Tags: #Fantásia, #Aventuras

Muerte de tinta (40 page)

—Oh, le he prometido a Arrendajo que le enviaría a su oscuro calabozo a la más hermosa de todas las hadas. En agradecimiento ella le susurrará que Cabeza de Víbora llegará a Umbra dentro de cinco días, aunque las mujercitas de musgo empedren su camino de maldiciones y nosotros intentemos dar trabajo a Pífano para que no le quede demasiado tiempo de torturar a sus prisioneros.

Dedo Polvoriento cerró el puño izquierdo.

—Todavía no me has preguntado por qué te he mandado llamar —dijo mientras soplaba el puño suavemente—. Pensé que te gustaría ver esto…

Colocó el puño cerrado contra el muro del castillo y de entre sus dedos brotaron arañas de fuego, que ascendieron veloces por las piedras cada vez más hacia arriba, tan numerosas como si nacieran dentro del puño de Dedo Polvoriento.

—Pífano teme a las arañas —susurró—. Las teme más que a las espadas y a los cuchillos, y cuando éstas se le metan por su elegante atuendo, acaso olvide durante un rato lo mucho que le gusta golpear por la noche a sus prisioneros.

—¿Cómo las haces? —preguntó Farid cerrando también el puño.

—No lo sé… lo cual significa que por desgracia no puedo enseñarte. Ni tampoco esto —Dedo Polvoriento unió las manos. Farid lo oyó susurrar, pero no entendía las palabras. La envidia le picó como una avispa cuando un arrendajo de fuego escapó volando de las manos de Dedo Polvoriento y ascendió hacia el cielo nocturno con plumas de fuego blanco azuladas.

—¡Enséñame! —volvió a musitar—. ¡Por favor! ¡Déjame al menos intentarlo!

Dedo Polvoriento lo miró meditabundo. Encima de ellos uno de los centinelas dio la alarma. Las arañas de fuego habían alcanzado las almenas del castillo.

—Me lo enseñó la Muerte, Farid —repuso en voz baja.

—Bueno, ¿y qué? Yo estuve tan muerto como tú, aunque no mucho tiempo.

Dedo Polvoriento se echó a reír. Rió tan fuerte que uno de los centinelas miró hacia abajo y tuvo que arrastrar consigo a Farid hasta las sombras más negras.

—Tienes razón. ¡Lo había olvidado por completo! —musitó, mientras los centinelas en el muro gritaban todos a la vez, presos del nerviosismo, y disparaban contra el arrendajo de fuego flechas que se extinguían despacio entre sus plumas—. ¡De acuerdo, haz lo mismo que yo!

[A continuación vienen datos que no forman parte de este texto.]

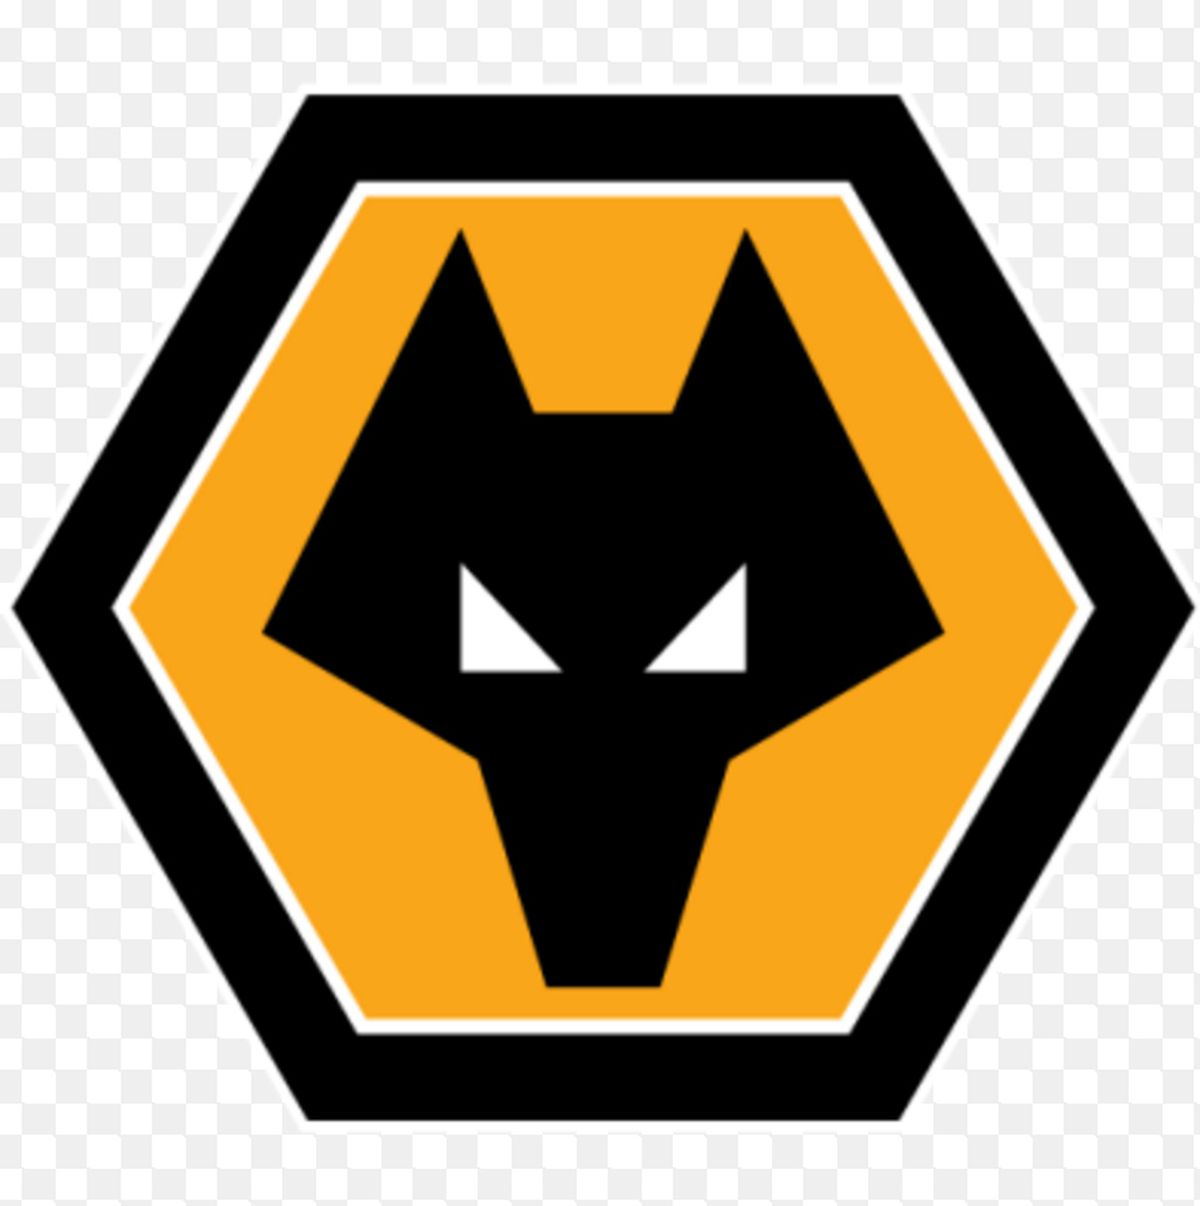 The Wolves logo

Farid dobló deprisa los dedos, excitado como siempre que se disponía a aprender algo nuevo sobre el fuego. No fue fácil imitar las extrañas palabras que susurraba Dedo Polvoriento, y el corazón de Farid se sobresaltó como si realmente sintiera un hormigueo de fuego entre los dedos. Al momento siguiente también pulularon de su mano al muro cuerpos ardientes que treparon deprisa por las piedras como un ejército de chispas. Dirigió una sonrisa orgullosa a Dedo Polvoriento, pero cuando lo intentó con el arrendajo, sólo salieron volando de sus manos unas cuantas polillas descoloridas.

—No pongas esa cara de desilusión —susurró Dedo Polvoriento mientras soltaba dos arrendajos más en la noche—. Tienes que aprender un montón de cosas. Pero ahora deberíamos escondernos de Nariz de Plata.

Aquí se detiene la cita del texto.